Friday, May 28, 2010

All the, wishes for an, um...

I am a writer. I churn out brochures, newsletters, magazine stories, books, speeches, news releases, citations, web content, and blog posts.

What I can't write is a simple message on a greeting card.

At the office, they pass around cards for birthdays, babies, retirements, illnesses. All I need to do is jot a quick greeting and sign my name. You know, "Have a great one!" or "We'll miss you!" or "Feel better soon." But by the time it gets to me, all the good ones are taken. Or I'm first and I just know everyone else will judge what I've written.

Oh no, I can't do this. I'll just set it down for a minute and come back to it. An hour later somebody wants to know where the card for Suzie is because we need to keep it moving.

For the past three weeks, I've had this card sitting on my desk at home. I chose the photo and printed it on a large matte greeting card. Then I said to my hubby, "We need to write a wedding message to Nick and Molly."

In fairness, I've already written for a printed coupon from the Honeyfund site, where I choose a small portion of their trip to China to support as our gift. A second message in a card that went around the office. A third in a notebook where we each wrote "advice" for a happy marriage, as if we know more about it than they do.
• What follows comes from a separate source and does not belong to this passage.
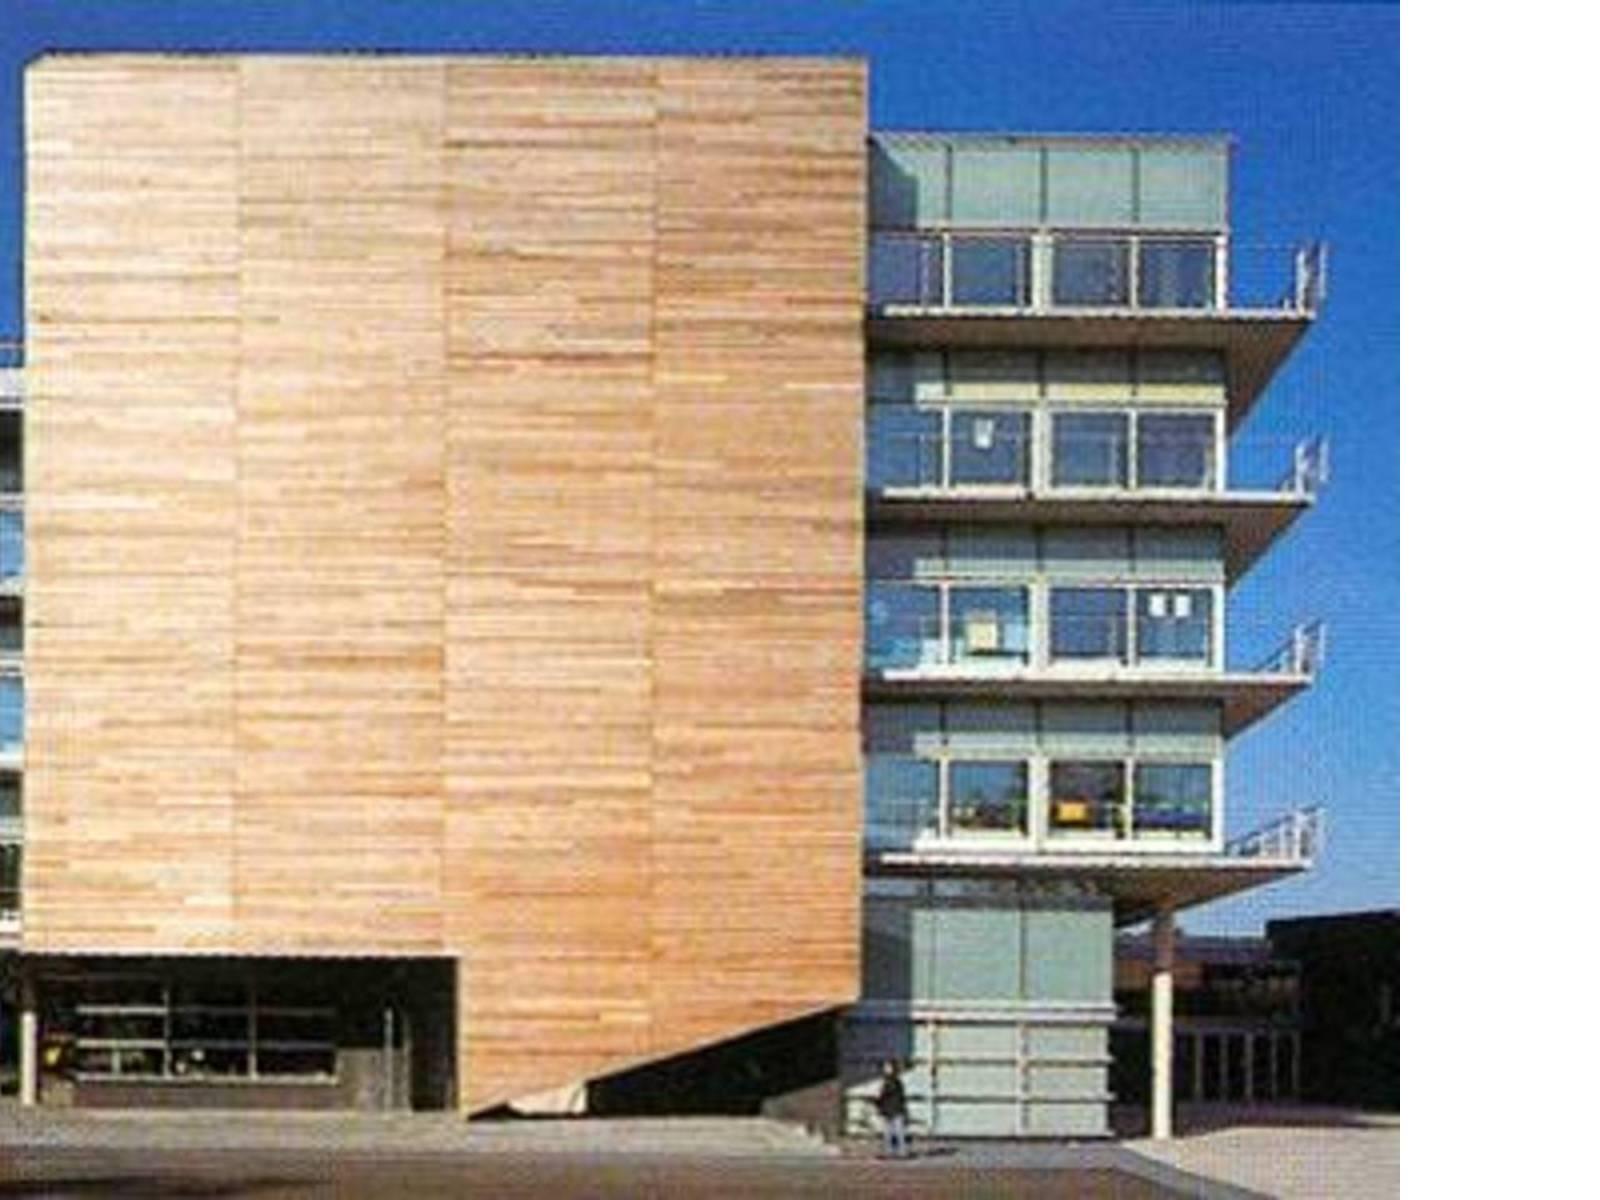 Montessori College Oost, Amsterdam, The Netherlands. Herman Hertzberger

But none of those messages said what I really want to say.

These two are smart and funny and conscientious and kind. They are great together and good for each other. We are nearly as excited about their wedding as we were about our daughter's. There, I've typed it. It's not that I don't know what I want to say...maybe it's that I can no longer think with a pen in my hand.

Which is funny, if true, because when I first tried to compose at the typewriter, I could. not. do. it. I wrote college compositions by hand on notebook paper and then typed them. Tonight I'll do the reverse. I'll copy my typed sentiments into the card by hand, and we'll sign our names. Crisis averted.

Tuesday, May 25, 2010

May 25, 1985: the Dinner Date

We’d met at a business meeting April 15 and had several meetings and a lunch date. He went out of town for a conference, and then we made a date for dinner.
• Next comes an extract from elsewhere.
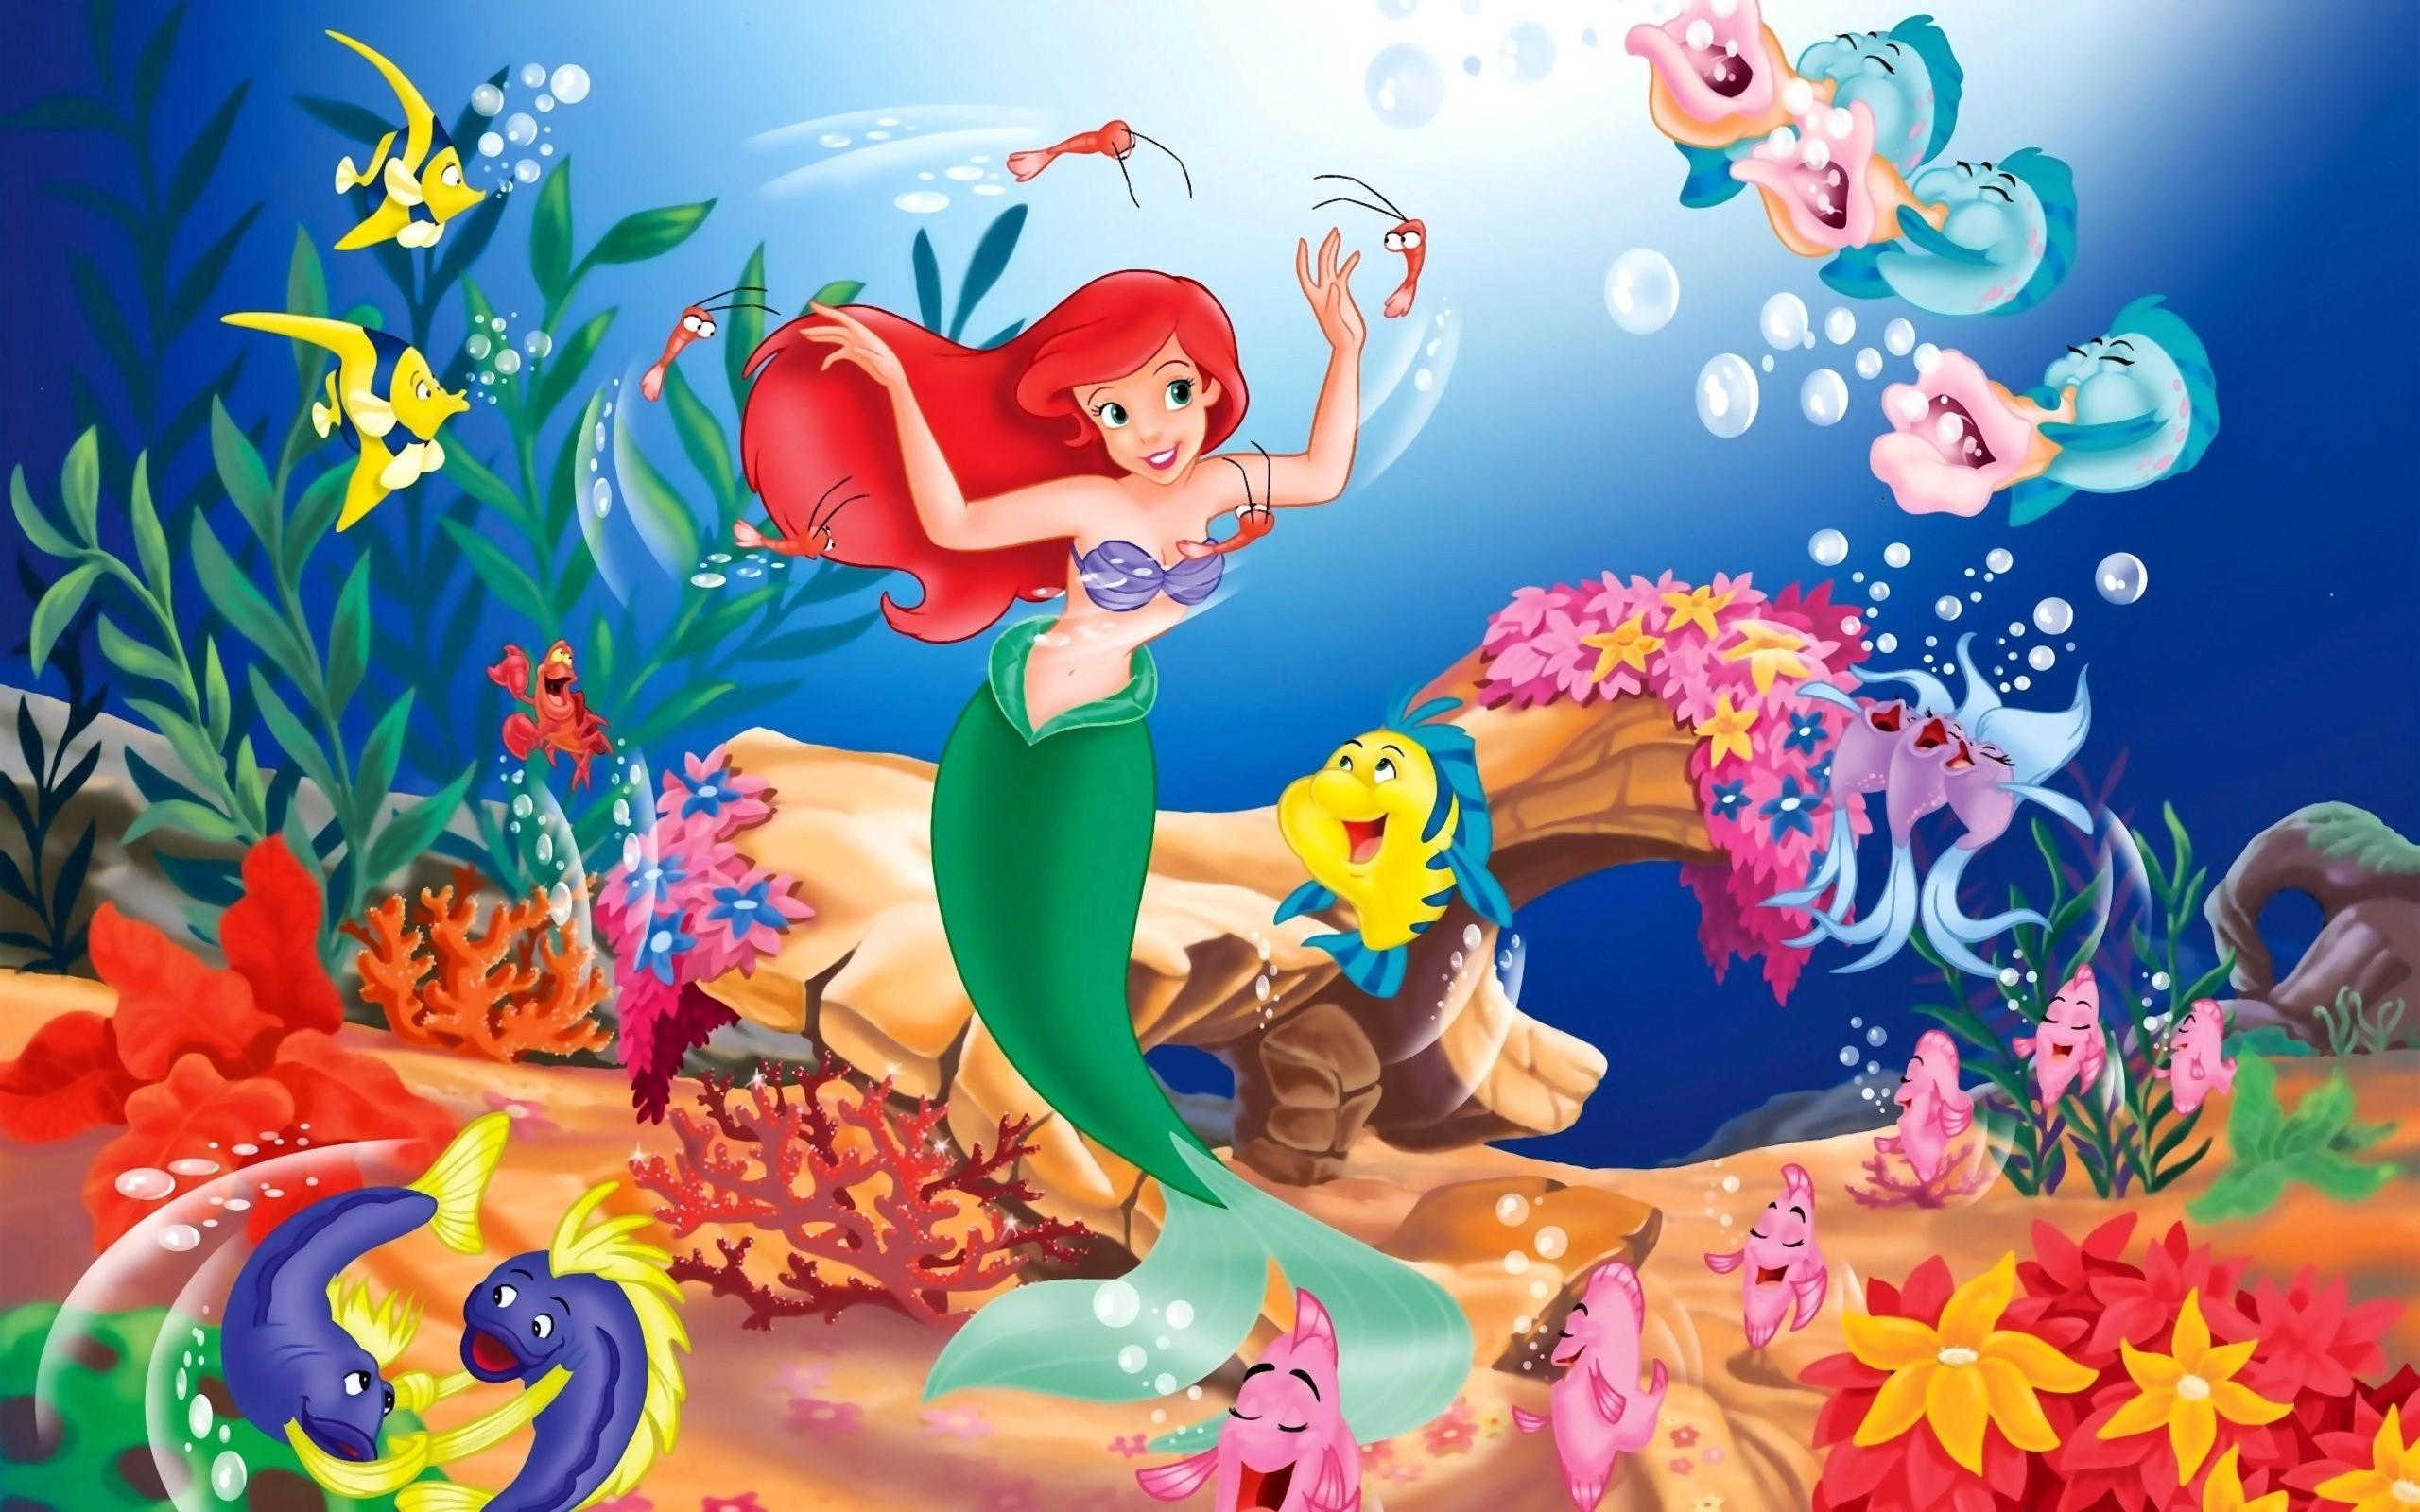 Disney Wallpaper Hd 70 Images

He showed up with a box of Frango mints from Marshall Field in Chicago, happy to show he’d noticed when I said I liked them.

He also brought a bouquet of mixed stems…a large allium, a blue delphinium, a handful of pinks and purples and whites and greens. I popped them into a vase, thinking I shouldn’t dawdle. But he arranged them, saying we should take a moment to appreciate them at their best. It was a point he would make often.
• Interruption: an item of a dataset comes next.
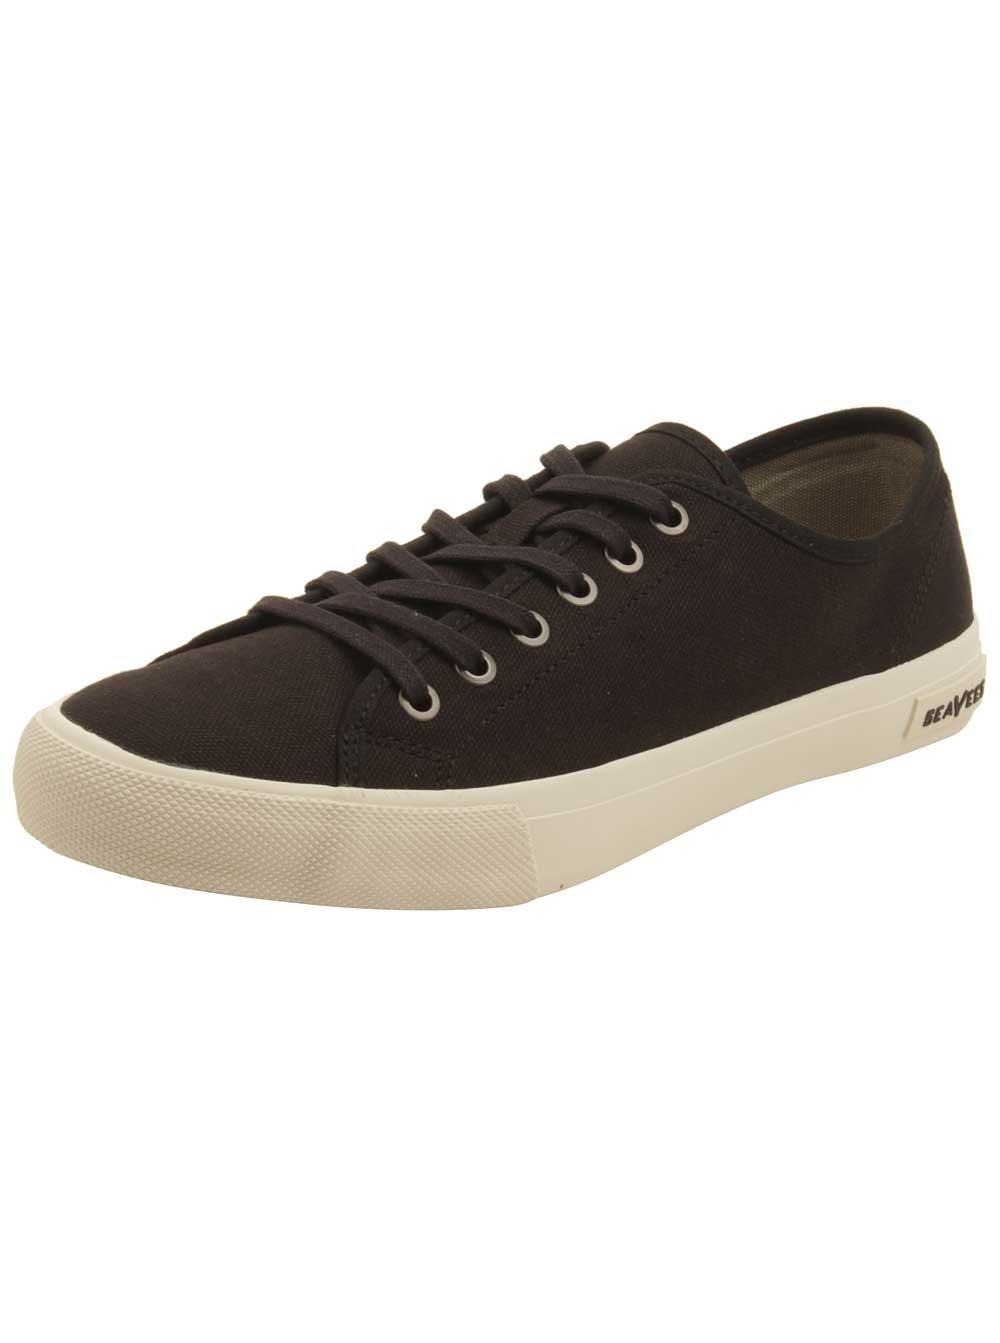 SeaVees Men's Monterey Standard Sneaker B007BQYQ9M 8.5 M US|Black

The day had been sunny and warm, and the restaurant seated us at an outdoor booth, with an open arbor above our heads. Before long, it began to drizzle. He went off to ask that we move indoors, and when he came back he sat next to me, protecting my head with his jacket while we waited for an inside table.

Pointing out that he had revealed more about his life than I had about mine, he asked many questions. When I told him at some length about my mother, who had died five years earlier, I found myself crying a little. Damn. What is this? I hardly know this man, and yet I’m so unguarded I’ve slipped right into tears. On our lunch date, he’d had a catch in his voice while talking about his father. At the time, I’d been a little skeptical about his sincerity, but here I was, and I knew I was not playing a game.

He called a couple of days later. It was Memorial Day, and he was taking his nine-year-old daughter to roller-skate around one Lake Harriet. Abby skated while Peter and I walked, and we stopped periodically to chat. She was bright, energetic, mature, polite, and charming. I couldn’t tell what she thought of me, but she was being nice and I hoped we were hitting it off.

Apparently she hadn’t thought much of some of the other women he had dated. And there were lots of them. He told me he’d spent the last couple of years looking pretty seriously for someone to settle down with. I wasn’t looking; I had learned to enjoy my own company, something I thought everyone should be able to do. I had settled comfortably into single life with two cats in a house I’d just purchased, and which I loved.

We made a date for the following Friday night, and then the Thursday after that. On one of those evenings, we went to a Mexican restaurant and emerged into one of those long Minnesota evenings when the setting sun turns half the sky rosy red. As we reached the car, he said, “I’m going to throw a monkey wrench into your well ordered life.”

I felt my face blush as red as the setting sun.